[Opening PROVIDED ENTRIES section]
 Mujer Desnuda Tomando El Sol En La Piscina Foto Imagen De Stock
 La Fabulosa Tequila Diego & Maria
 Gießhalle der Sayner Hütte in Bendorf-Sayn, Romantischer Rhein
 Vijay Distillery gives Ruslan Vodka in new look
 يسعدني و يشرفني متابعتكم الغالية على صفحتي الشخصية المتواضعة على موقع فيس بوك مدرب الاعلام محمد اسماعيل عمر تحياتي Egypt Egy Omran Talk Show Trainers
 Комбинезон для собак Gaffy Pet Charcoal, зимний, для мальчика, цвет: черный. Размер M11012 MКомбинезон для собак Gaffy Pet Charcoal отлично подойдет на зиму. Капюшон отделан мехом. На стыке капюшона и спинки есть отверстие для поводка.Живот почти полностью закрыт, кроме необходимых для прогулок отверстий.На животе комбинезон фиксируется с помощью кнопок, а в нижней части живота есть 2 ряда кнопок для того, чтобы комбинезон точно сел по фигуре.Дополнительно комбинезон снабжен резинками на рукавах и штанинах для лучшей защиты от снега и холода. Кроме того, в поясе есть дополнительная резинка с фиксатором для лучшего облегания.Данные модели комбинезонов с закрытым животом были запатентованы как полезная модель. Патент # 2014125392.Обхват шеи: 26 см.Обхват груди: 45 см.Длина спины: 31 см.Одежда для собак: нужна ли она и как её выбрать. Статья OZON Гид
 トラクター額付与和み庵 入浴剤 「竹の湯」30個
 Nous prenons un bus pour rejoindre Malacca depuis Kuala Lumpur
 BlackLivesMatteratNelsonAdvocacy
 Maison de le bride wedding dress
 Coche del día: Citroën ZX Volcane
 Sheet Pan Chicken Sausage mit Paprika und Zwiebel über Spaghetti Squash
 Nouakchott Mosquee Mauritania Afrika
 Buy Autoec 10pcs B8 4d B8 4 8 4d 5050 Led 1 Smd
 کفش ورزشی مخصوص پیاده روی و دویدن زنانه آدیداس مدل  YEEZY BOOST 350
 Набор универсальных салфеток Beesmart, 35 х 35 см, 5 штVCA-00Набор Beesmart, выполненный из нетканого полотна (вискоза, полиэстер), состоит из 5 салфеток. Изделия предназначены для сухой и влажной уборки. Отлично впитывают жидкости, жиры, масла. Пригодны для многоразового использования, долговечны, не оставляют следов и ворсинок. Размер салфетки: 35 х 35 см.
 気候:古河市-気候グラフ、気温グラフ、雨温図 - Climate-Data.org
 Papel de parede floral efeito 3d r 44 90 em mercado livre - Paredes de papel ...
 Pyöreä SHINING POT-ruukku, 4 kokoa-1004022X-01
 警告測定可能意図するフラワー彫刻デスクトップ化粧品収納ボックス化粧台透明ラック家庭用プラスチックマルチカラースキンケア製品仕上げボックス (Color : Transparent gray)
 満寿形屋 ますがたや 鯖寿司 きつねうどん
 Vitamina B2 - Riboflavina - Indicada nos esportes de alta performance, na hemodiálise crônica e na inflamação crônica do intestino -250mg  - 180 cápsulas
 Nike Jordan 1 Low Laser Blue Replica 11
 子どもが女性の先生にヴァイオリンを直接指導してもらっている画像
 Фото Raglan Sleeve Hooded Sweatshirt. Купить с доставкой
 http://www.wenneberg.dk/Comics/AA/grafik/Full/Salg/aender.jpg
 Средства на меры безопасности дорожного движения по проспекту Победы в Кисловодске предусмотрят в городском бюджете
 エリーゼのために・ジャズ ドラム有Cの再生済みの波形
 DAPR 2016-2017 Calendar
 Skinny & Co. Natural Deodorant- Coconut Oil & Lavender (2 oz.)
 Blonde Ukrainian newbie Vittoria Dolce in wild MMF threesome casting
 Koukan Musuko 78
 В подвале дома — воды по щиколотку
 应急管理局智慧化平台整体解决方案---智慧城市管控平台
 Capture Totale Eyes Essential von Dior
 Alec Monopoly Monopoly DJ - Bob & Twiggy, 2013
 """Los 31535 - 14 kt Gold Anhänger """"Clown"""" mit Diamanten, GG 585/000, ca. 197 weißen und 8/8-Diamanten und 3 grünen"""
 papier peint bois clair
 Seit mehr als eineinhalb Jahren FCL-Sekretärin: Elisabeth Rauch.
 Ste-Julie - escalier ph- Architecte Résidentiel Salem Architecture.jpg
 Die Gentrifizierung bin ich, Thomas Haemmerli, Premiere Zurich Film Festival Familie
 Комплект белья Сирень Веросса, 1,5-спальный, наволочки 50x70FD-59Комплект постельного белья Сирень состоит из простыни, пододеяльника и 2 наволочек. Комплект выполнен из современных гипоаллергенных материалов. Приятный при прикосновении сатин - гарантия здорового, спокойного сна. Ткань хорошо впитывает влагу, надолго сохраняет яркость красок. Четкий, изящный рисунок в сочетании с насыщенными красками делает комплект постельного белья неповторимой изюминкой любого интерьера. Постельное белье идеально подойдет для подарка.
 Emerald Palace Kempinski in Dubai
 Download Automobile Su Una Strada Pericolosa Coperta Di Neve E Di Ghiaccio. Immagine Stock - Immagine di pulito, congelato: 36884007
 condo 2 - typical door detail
[Closing PROVIDED ENTRIES section]
Copy down every record, keeping each one exact.

 Mujer Desnuda Tomando El Sol En La Piscina Foto Imagen De Stock
 La Fabulosa Tequila Diego & Maria
 Gießhalle der Sayner Hütte in Bendorf-Sayn, Romantischer Rhein
 Vijay Distillery gives Ruslan Vodka in new look
 يسعدني و يشرفني متابعتكم الغالية على صفحتي الشخصية المتواضعة على موقع فيس بوك مدرب الاعلام محمد اسماعيل عمر تحياتي Egypt Egy Omran Talk Show Trainers
 Комбинезон для собак Gaffy Pet Charcoal, зимний, для мальчика, цвет: черный. Размер M11012 MКомбинезон для собак Gaffy Pet Charcoal отлично подойдет на зиму. Капюшон отделан мехом. На стыке капюшона и спинки есть отверстие для поводка.Живот почти полностью закрыт, кроме необходимых для прогулок отверстий.На животе комбинезон фиксируется с помощью кнопок, а в нижней части живота есть 2 ряда кнопок для того, чтобы комбинезон точно сел по фигуре.Дополнительно комбинезон снабжен резинками на рукавах и штанинах для лучшей защиты от снега и холода. Кроме того, в поясе есть дополнительная резинка с фиксатором для лучшего облегания.Данные модели комбинезонов с закрытым животом были запатентованы как полезная модель. Патент # 2014125392.Обхват шеи: 26 см.Обхват груди: 45 см.Длина спины: 31 см.Одежда для собак: нужна ли она и как её выбрать. Статья OZON Гид
 トラクター額付与和み庵 入浴剤 「竹の湯」30個
 Nous prenons un bus pour rejoindre Malacca depuis Kuala Lumpur
 BlackLivesMatteratNelsonAdvocacy
 Maison de le bride wedding dress
 Coche del día: Citroën ZX Volcane
 Sheet Pan Chicken Sausage mit Paprika und Zwiebel über Spaghetti Squash
 Nouakchott Mosquee Mauritania Afrika
 Buy Autoec 10pcs B8 4d B8 4 8 4d 5050 Led 1 Smd
 کفش ورزشی مخصوص پیاده روی و دویدن زنانه آدیداس مدل  YEEZY BOOST 350
 Набор универсальных салфеток Beesmart, 35 х 35 см, 5 штVCA-00Набор Beesmart, выполненный из нетканого полотна (вискоза, полиэстер), состоит из 5 салфеток. Изделия предназначены для сухой и влажной уборки. Отлично впитывают жидкости, жиры, масла. Пригодны для многоразового использования, долговечны, не оставляют следов и ворсинок. Размер салфетки: 35 х 35 см.
 気候:古河市-気候グラフ、気温グラフ、雨温図 - Climate-Data.org
 Papel de parede floral efeito 3d r 44 90 em mercado livre - Paredes de papel ...
 Pyöreä SHINING POT-ruukku, 4 kokoa-1004022X-01
 警告測定可能意図するフラワー彫刻デスクトップ化粧品収納ボックス化粧台透明ラック家庭用プラスチックマルチカラースキンケア製品仕上げボックス (Color : Transparent gray)
 満寿形屋 ますがたや 鯖寿司 きつねうどん
 Vitamina B2 - Riboflavina - Indicada nos esportes de alta performance, na hemodiálise crônica e na inflamação crônica do intestino -250mg  - 180 cápsulas
 Nike Jordan 1 Low Laser Blue Replica 11
 子どもが女性の先生にヴァイオリンを直接指導してもらっている画像
 Фото Raglan Sleeve Hooded Sweatshirt. Купить с доставкой
 http://www.wenneberg.dk/Comics/AA/grafik/Full/Salg/aender.jpg
 Средства на меры безопасности дорожного движения по проспекту Победы в Кисловодске предусмотрят в городском бюджете
 エリーゼのために・ジャズ ドラム有Cの再生済みの波形
 DAPR 2016-2017 Calendar
 Skinny & Co. Natural Deodorant- Coconut Oil & Lavender (2 oz.)
 Blonde Ukrainian newbie Vittoria Dolce in wild MMF threesome casting
 Koukan Musuko 78
 В подвале дома — воды по щиколотку
 应急管理局智慧化平台整体解决方案---智慧城市管控平台
 Capture Totale Eyes Essential von Dior
 Alec Monopoly Monopoly DJ - Bob & Twiggy, 2013
 """Los 31535 - 14 kt Gold Anhänger """"Clown"""" mit Diamanten, GG 585/000, ca. 197 weißen und 8/8-Diamanten und 3 grünen"""
 papier peint bois clair
 Seit mehr als eineinhalb Jahren FCL-Sekretärin: Elisabeth Rauch.
 Ste-Julie - escalier ph- Architecte Résidentiel Salem Architecture.jpg
 Die Gentrifizierung bin ich, Thomas Haemmerli, Premiere Zurich Film Festival Familie
 Комплект белья Сирень Веросса, 1,5-спальный, наволочки 50x70FD-59Комплект постельного белья Сирень состоит из простыни, пододеяльника и 2 наволочек. Комплект выполнен из современных гипоаллергенных материалов. Приятный при прикосновении сатин - гарантия здорового, спокойного сна. Ткань хорошо впитывает влагу, надолго сохраняет яркость красок. Четкий, изящный рисунок в сочетании с насыщенными красками делает комплект постельного белья неповторимой изюминкой любого интерьера. Постельное белье идеально подойдет для подарка.
 Emerald Palace Kempinski in Dubai
 Download Automobile Su Una Strada Pericolosa Coperta Di Neve E Di Ghiaccio. Immagine Stock - Immagine di pulito, congelato: 36884007
 condo 2 - typical door detail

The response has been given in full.